A NUMBER of extra visitors are expected at Huddersfield Art Gallery in the next week or two, mainly to see sculptor Carl Andre’s infamous pile of bricks.

It was curiously titled Equivalent VIII, which created such controversy when originally acquired by the Tate Gallery back in 1972.

It should certainly get visitors talking on the theme of What is art? and forms part of an exhibition, Fields of Contention, which aims to explore construction and controversy.

Sheffield-based artist Sarah Staton was invited to respond to the bricks and two-dimensional works in the show, and near the bricks is her carefully assembled Pillage and Presentation: Rocks, minerals and metals.

These include gold, marble, minerals, crystals and rocks.

In the second gallery, responding to modernist paintings, she has completed two intricately-crafted assemblages – a large, frame-like piece in steel mesh and a smaller one in concrete, gold and mahogany.

Both have the same title, The Rain Will Be Heaviest Across The Mountains And Hills, and it is suggested the pieces represent hills and mountains.

Gallery visitors should not leave before seeing the exhibition by sculptor Norman Dilworth in the big gallery.

Here, the size and shapes of the pieces are sufficient to make a big impression, not least the huge Spirit Three, a wall-mounted, scythe-like piece in corten steel which greets you as you enter the gallery.

Born in Orwell, Wigan in 1931, the sculptor attended Wigan School of Art and the Slade School, and received a scholarship to study in Parish in 1956, where he became interested in Mondrian’s geometric abstraction.

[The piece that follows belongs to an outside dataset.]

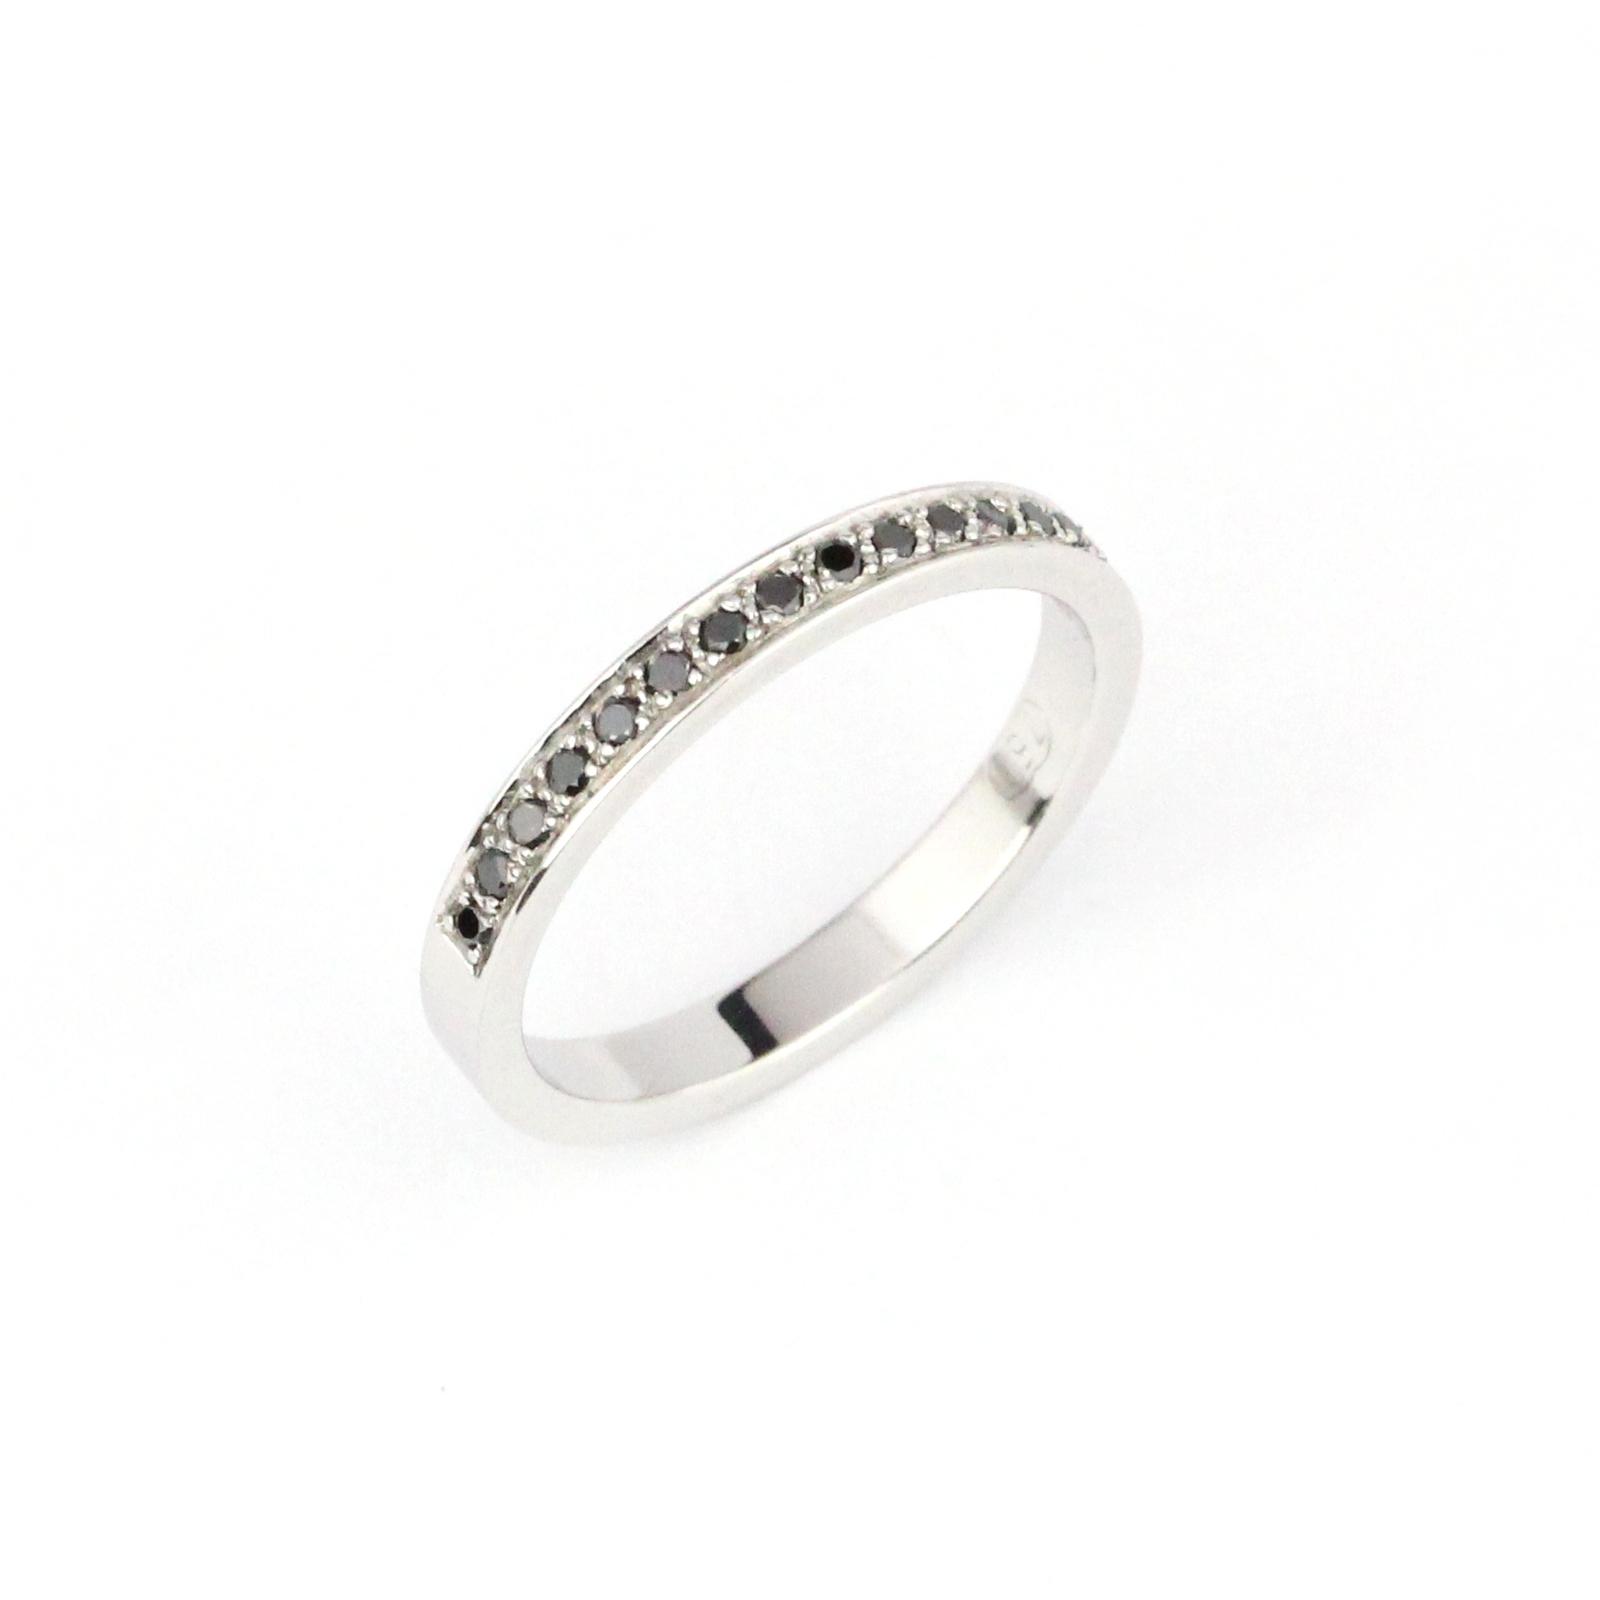 Black diamonds grain set into white gold ring.

The theme of geometry and abstraction is evident in the Huddersfield exhibition which includes pieces like Puff Ball (1972) in stainless steel. This striking piece consists of 30 aluminium bars tangled together.

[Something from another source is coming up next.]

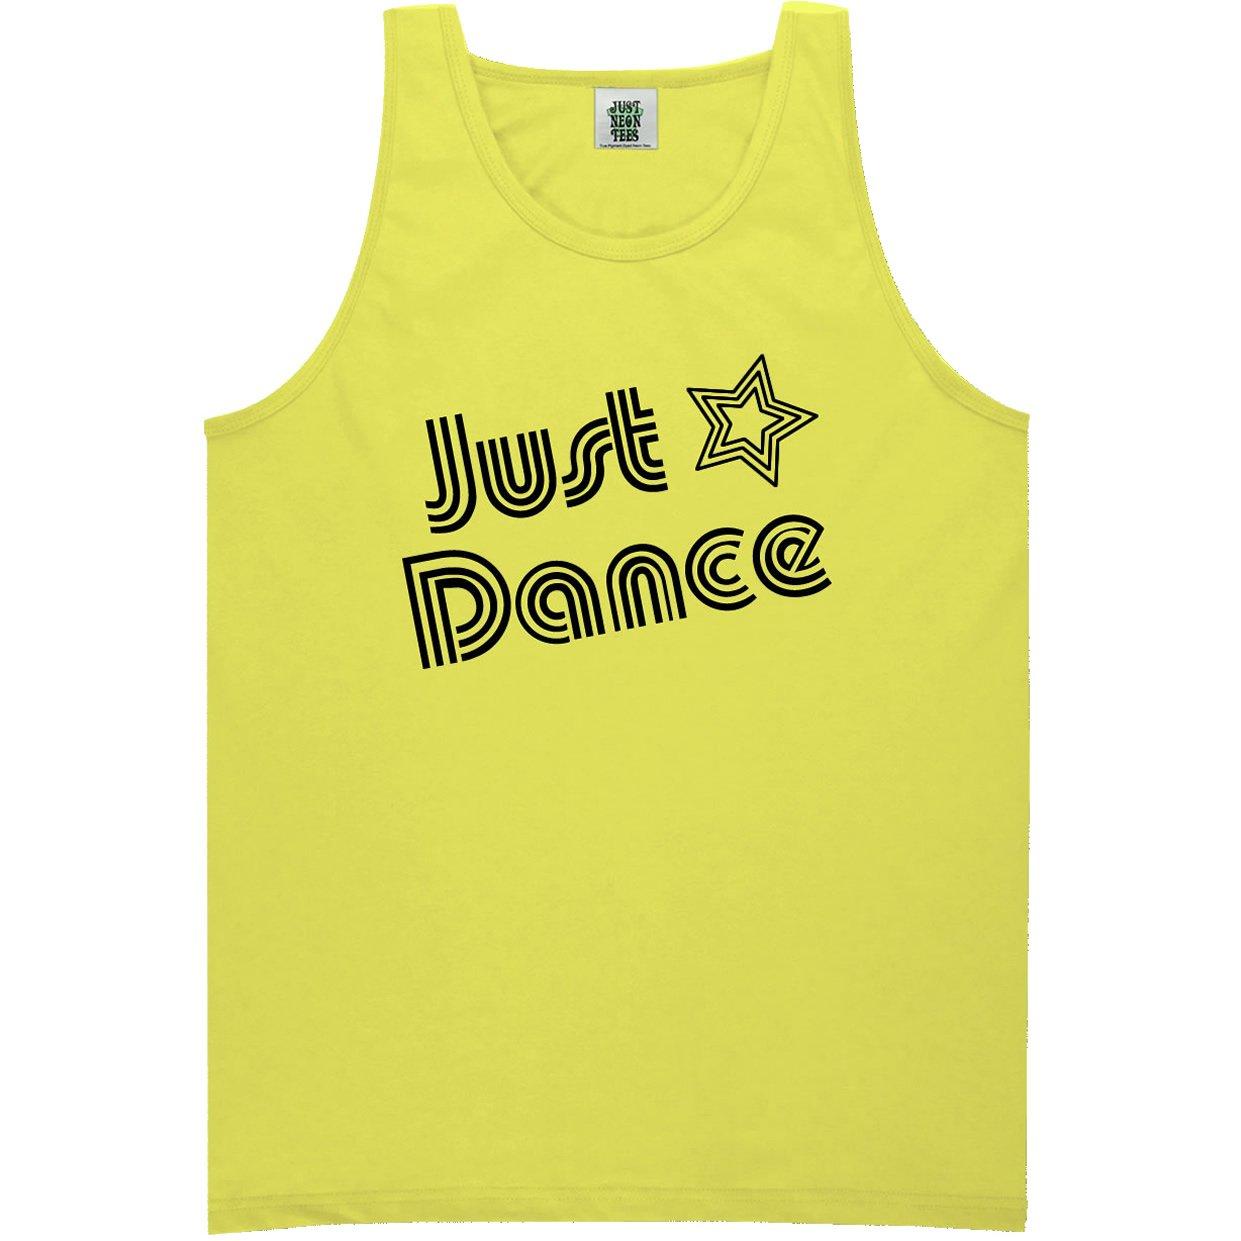 ZeroGravitee Youth Just Dance Bright Neon Yellow Tank Top X-Small

Dilworth here says the sculpture “reminds one of an ideal to forge constructions that eventually would transcend their making by human engineering hands.”

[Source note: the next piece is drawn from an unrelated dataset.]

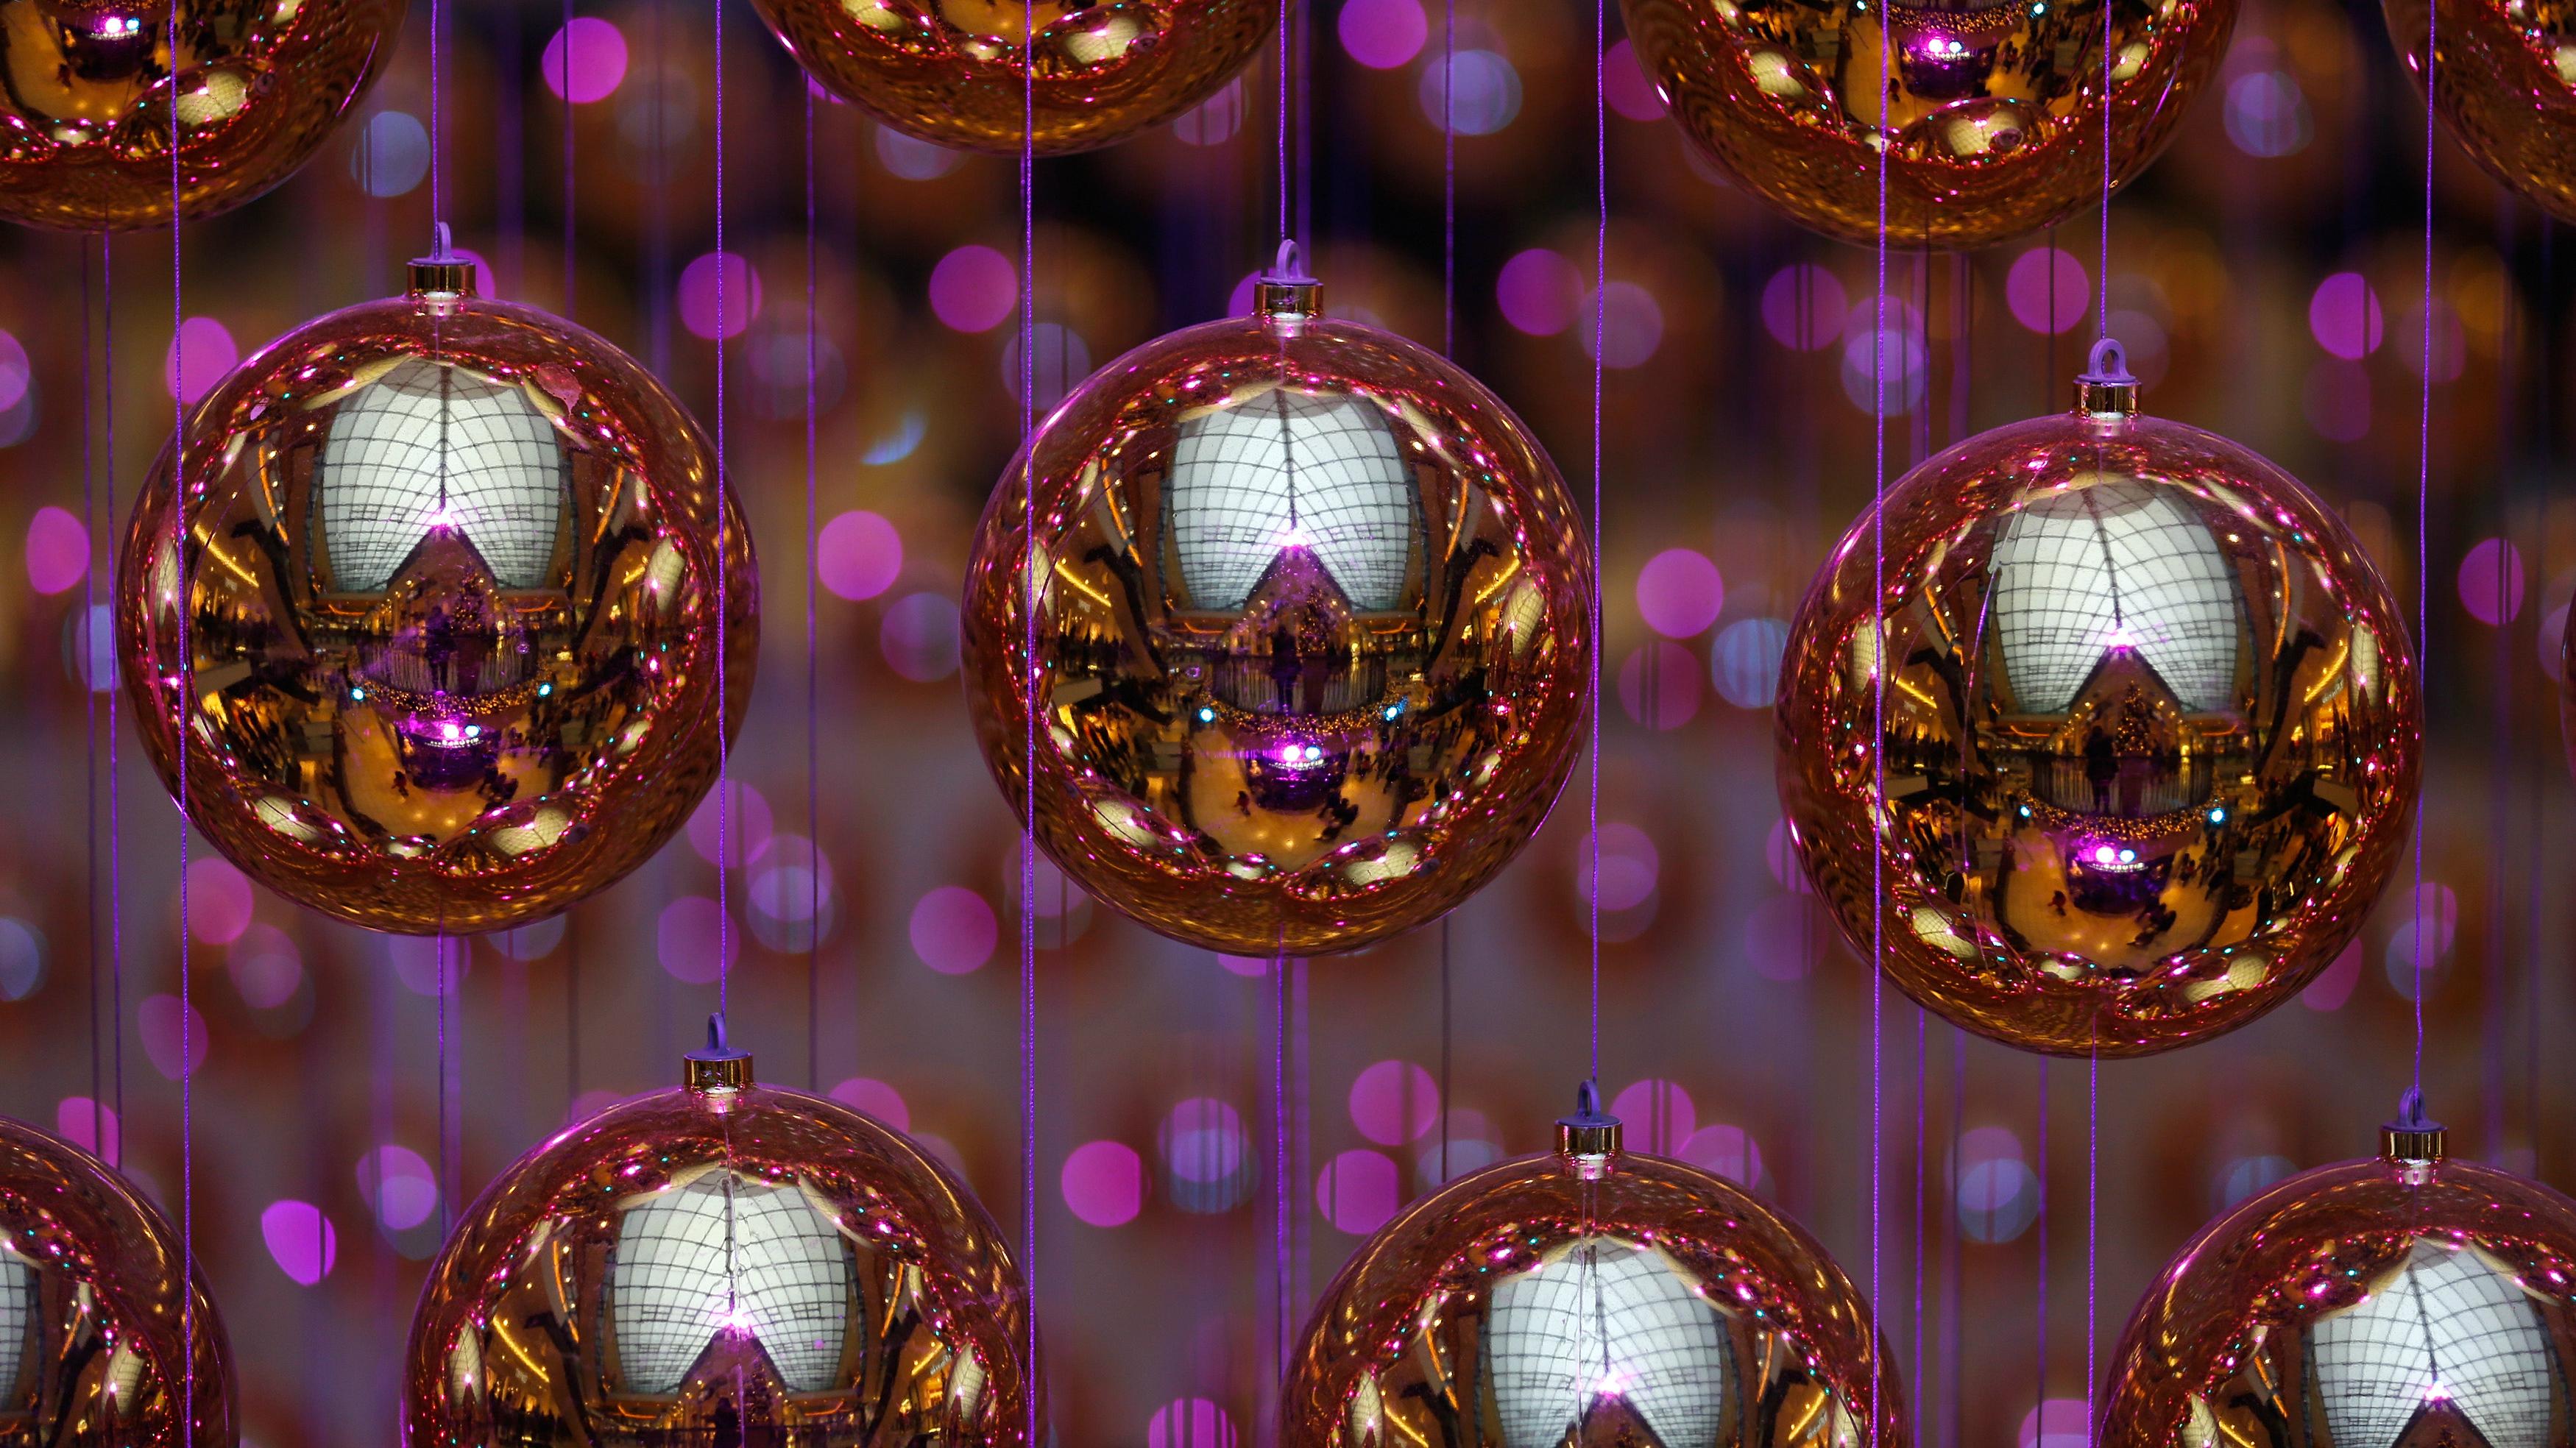 Shiny Christmas ornaments.

A more recent piece, wall-mounted piece, Nine Cut Corners (2008) is in corten steel and consists of nine squares, each with corners cut off, making four kite shapes in the centre.

Dilworth has used industrial materials and techniques for this work, and the natural rusting of the metal allows for an interesting variation in colour shades.

Four Times Three (1977/8) is in entirely different form and material. It uses wood, stained black, but again uses geometrical rules and mathematical formulas to create, this time, an angled sculptural form.

My favourite piece in the show would probably be the shapely Three Cubes (2006) which is in gleaming painted steel. The cubes stand one on top of the other.

As well as the sculpture, there are drawings, with works dating back to the 1950s like Standing Nude, Life Room, Hampstead 2, and Le Carrefour, Paris, showing Dilworth’s skills as a draughtsman.

So there’s plenty of sculpture to see at the gallery at present, including Henry Monroe’s Fallen Warrior, now restored to a prominent position.

Fields of Contention runs till November 20 and Norman Dilworth till November 27.

o AT the AC Gallery, Byram Street, there’s another exhibition of works by the late and ever-popular Peter Brook, of Brighouse, including more than 20 original paintings (until October 22).

And a new show opens tomorrow at the Harrison Lord Gallery, Brighouse – Hills, Dales and Coast by Mark Sofilas.